Typically, however, anti-tumor necrosis factor drugs, are injected or infused into the body. Avaxia, using an antibody produced in cow's milk, has created a pill. Though others have tried to create an oral anti-TNF drug in the past, Fox says Avaxia's approach is different in that its drugs aren't targeting inflammatory diseases affecting the whole system. While others made oral anti-TNF pills that were broadly absorbed and circulated through the bloodstream, Avaxia's drug is designed to work in the gut and nowhere else.
"We're just looking for local activity," she says.

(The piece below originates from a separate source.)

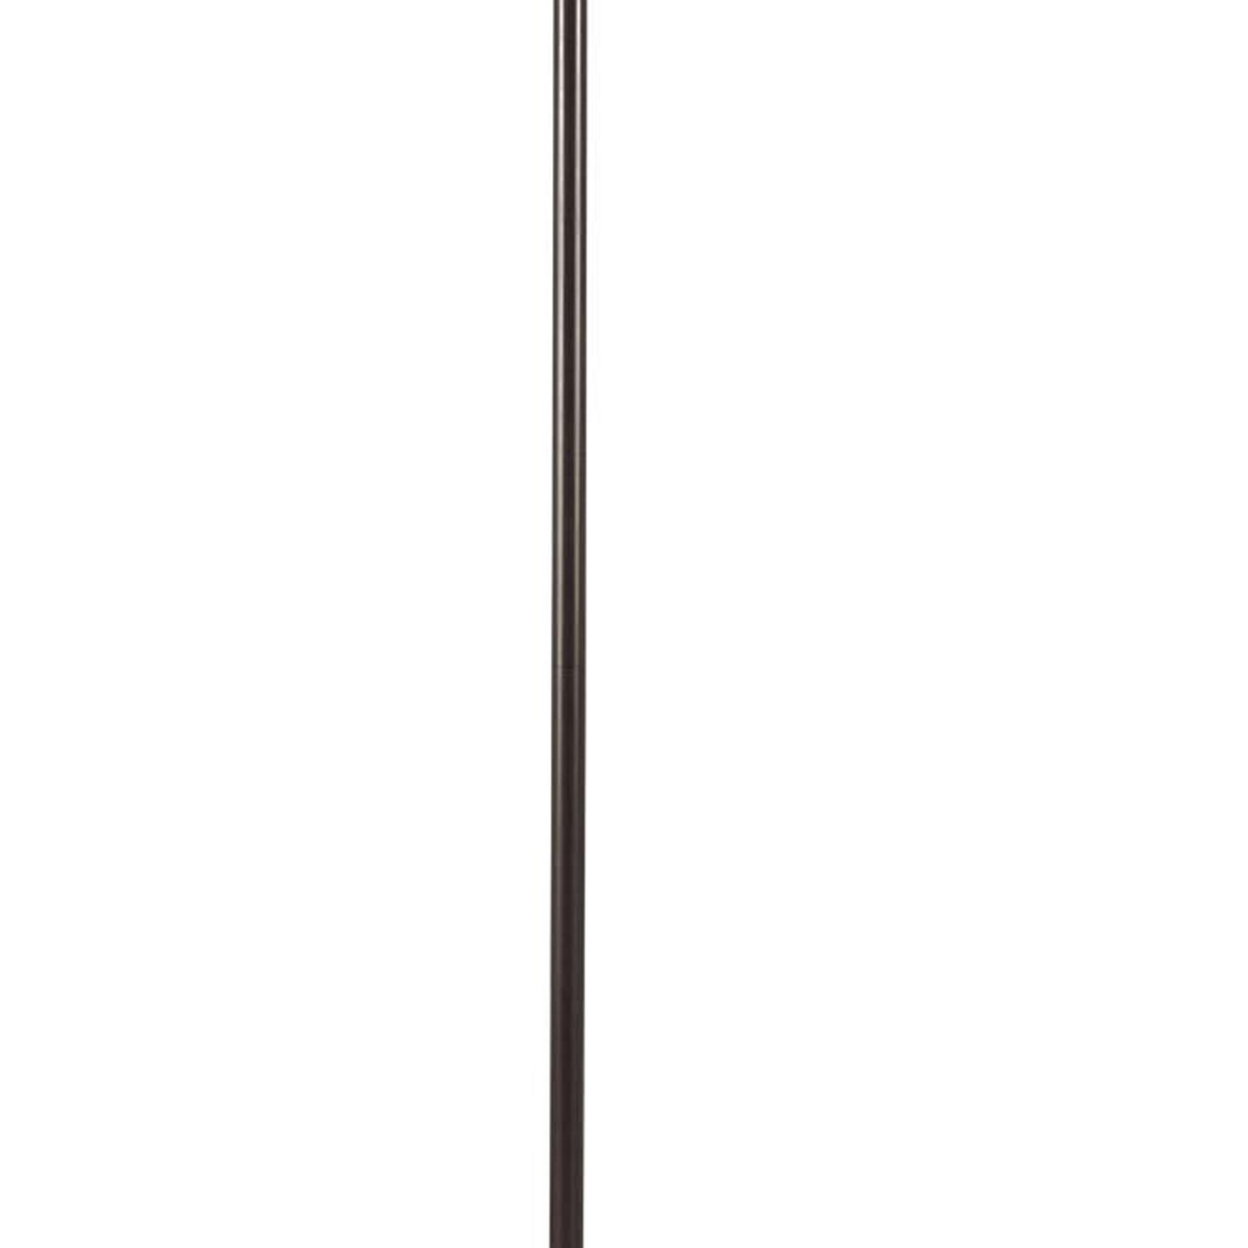 150 Watt 6 Way Metal Floor Lamp With Fabric Tapered Shade, Bronze- Saltoro Sherpi

Indeed, Avaxia calls its drugs "gut-targeted therapeutics," in that they are designed specifically to go directly to the gut and use their TNF-fighting punch right at the site of inflammation, which should have little affect on the rest of the system, and thus, fewer side effects. To create those drugs, Avaxia taps into cow's milk. Pregnant cows are immunized with an engineered form of human TNF; Avaxia isolates the antibody from the milk produced by the cows just before they give birth.
"These antibodies are not only safe for oral administration, but they're also designed by nature to work within the gut, and they are inherently stable to intestinal digestion," Fox says.
Three types of drugs are currently used to treat inflammatory bowel disease: corticosteroids, which Fox says can be useful to treat a flare-up, but can't be used for very long; a class of drugs known as 5-aminosalicyclic acids, oral antinflammatory drugs that "for most people are not strong enough," according to Fox; and injectable anti-TNF's such as adalimumab and Johnson & Johnson's infliximab (Remicade).
"We are orally dosed, and we believe that the local activity of the antibody is beneficial for some patients," she says. "There are advantages to targeting the activity of a drug locally. You minimize the effects outside of a disease space's organ of interest, and you potentially increase efficacy."
Avaxia has no problem licensing out AVX-470 to help validate its drug development concept. Should it be able to do so, the rest of its preclinical drugs take on a different light.
"If we can show that this first one works, then it really proves out the entire platform and that allows us to generate hopefully the research collaborations, the partnerships we need, and the financing we need to develop out the whole platform," Fox says.